The project aims at providing new knowledge to improve plant resistance to fungal disease moving towards a sustainable agriculture. Botrytis cinerea, the causal agent of grey mold disease, is a broad-spectrum fungal necrotroph that causes serious pre- and post-harvest rot in more than 200 species worldwide. Pectin integrity alteration, pectin methylesterification status, pectin methylesterase (PME) activity and PME-derived damage-associated molecular pattern (DAMPs) such as oligogalacturonides (OGs) and methanol (MeOH) can impact on plant disease resistance. Currently the knowledge on molecular mechanisms underlying PME-mediated immunity is limited. A reverse genetic approach combined with biochemical studies and plant molecular biology will be utilized in Arabidopsis to identify the functional roles of pathogen-responsive PME isoforms induced in response to Botrytis cinerea. Efforts will be devoted to the identification of molecular factors triggering PME expression during infection. Dynamics of CW changes and the subcellular localization of PMEs and PME products will be achieved through advanced confocal microscopy. The release of OGs and MeOH will be investigated through Mass Spectrometry platform. The identification of new genetic determinants underlying pectin integrity maintenance will be useful for obtaining plants with improved resistance to pathogens.
The project aims at providing new knowledge and technological solutions to plant infections caused by fungal pathogens responsible for the most devastating crop diseases. The multidisciplinary work plan will provide advanced knowledge on plant-pathogen interaction. This project will provide novel knowledge on CW biochemical traits useful to increase the long-term plant resistance to fungal pathogens, avoiding the appearance of resistance phenomena and without negative effects in the ecosystem. The project will provide new insight into the regulation of PME activity and to unveil the dynamic of the release of PME-related DAMPs during plant-pathogen interaction.
Botrytis cinerea, the cause of grey mold disease, is considered the second most important fungal plant pathogen at global level (1). This filamentous fungus infects more than 200 plant species in a variety of organs including fruits, flowers, and leaves and 20 % of crop loss worldwide is attributed to this pathogen (UIPP, Annual Report 2012). The large host range, high reproduction rate, broad infections conditions and potential for dissemination make Botrytis spp difficult to control. Application of fungicides is the most commonly used method to control fungal diseases, although it is expensive and not always effective and the risk of fungicide pollution limits their use. Moreover, fungicide resistance is an increasingly problematic issue, with significant proportions of the fungal population being resistant to fungicides. Fungicides specifically targeted against Botrytis (`botryticides¿) cost 540 million of euro, representing 10% of the world fungicide market (1).

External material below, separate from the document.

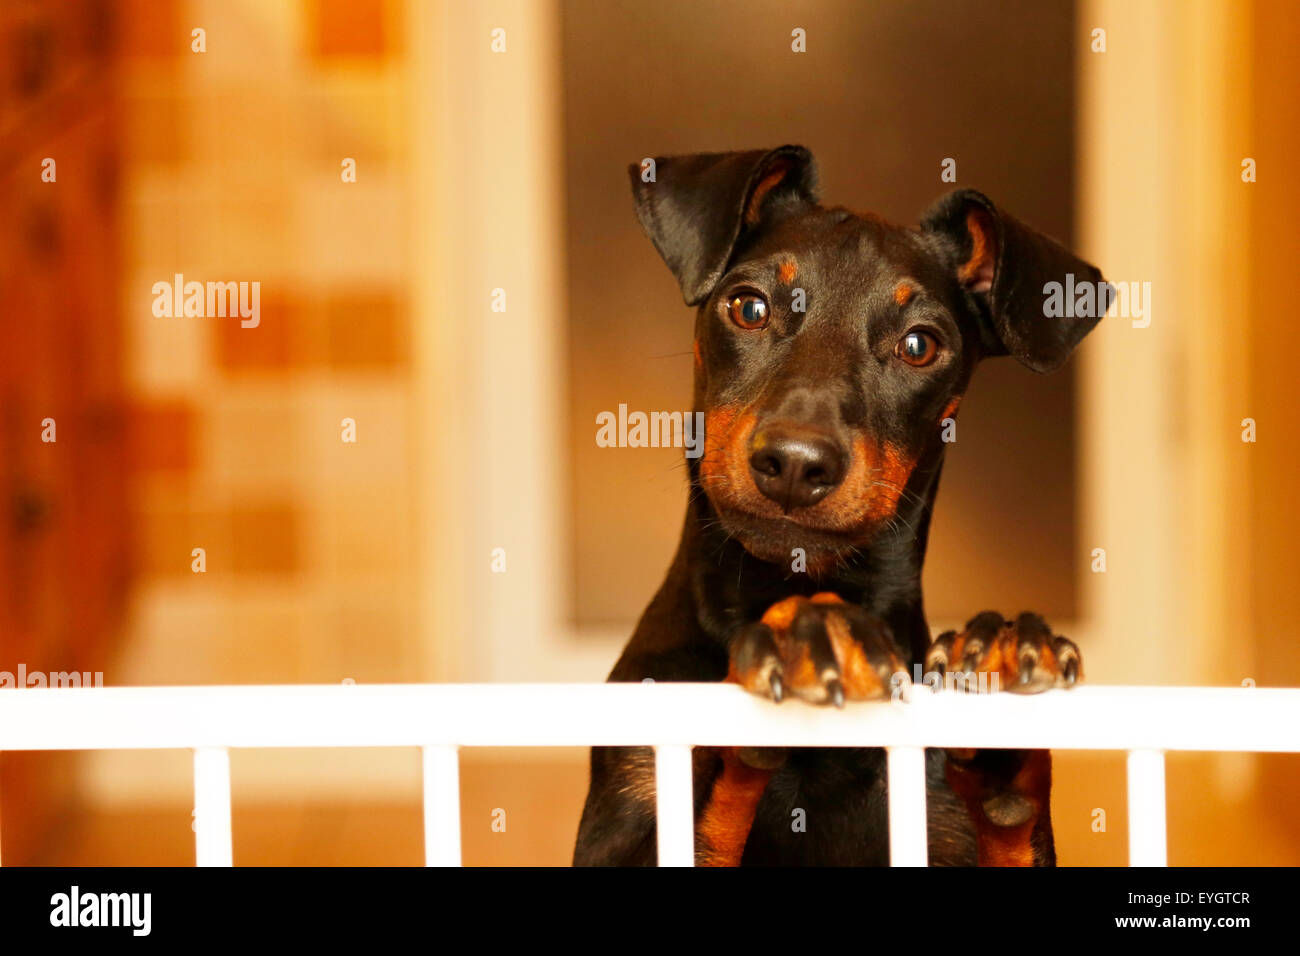 Une alerte, chauds à chien, un terrier de Manchester, avec sa tête d'un côté, l'intérieur d'une maison et de peering sur une barrière Banque D'Images

Development of resistant cultivars represents a major environmentally friendly solution for both breeders and plant pathologists. The project will provide novel knowledge on biochemical traits and genetic sources to increase the long-term plant resistance to fungal pathogens. Cell wall-based approach to plant disease control in fact, makes possible to avoid the appearance of resistance phenomena in the pathogen populations, without negative effect in the ecosystem. In addition, the pectin methylesterification traits and their underlying genes identified in the project in the Arabidopsis thaliana model plant will represent an excellent tool to identify homologues genes in crop varieties to produce a durable resistance to B. cinerea, either by traditional breeding or by genetic engineering.

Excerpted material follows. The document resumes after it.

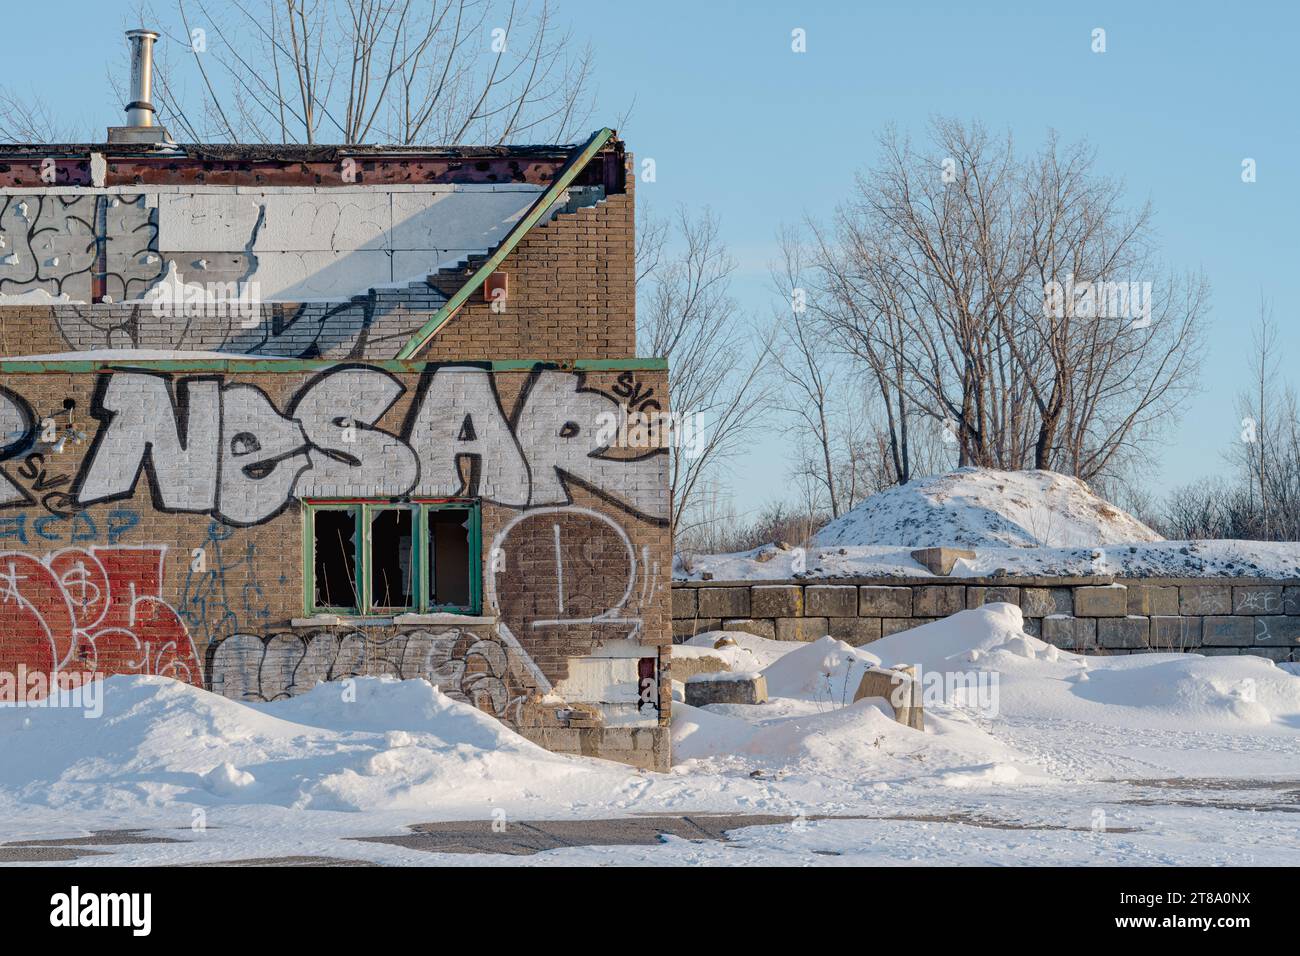 Un bâtiment industriel abandonné avec des graffitis pris sur une journée ensoleillée d'hiver près de Montréal, Québec, Canada Banque D'Images

The results foreseen in this proposal will have an impact well beyond the species and pathogen here studied: most likely, analogous molecular mechanisms control PME activity during infection with other necrotrophic pathogens and in other crop species. The availability of new resistant genotypes can reduce the need of fungicides and minimize their impact on the environment, ensuring a high standard of plant yield and food quality resulting in a long-term benefit for citizens, economy and society. Taken together all the research activity of the project addresses in a most considerable way to "food security, sustainable agriculture and bio-economy" goals of the tackling social challenge targets. Finally efforts that will be made to provide new experimental tools to analyze, at molecular level, the plant-pathogen interactions.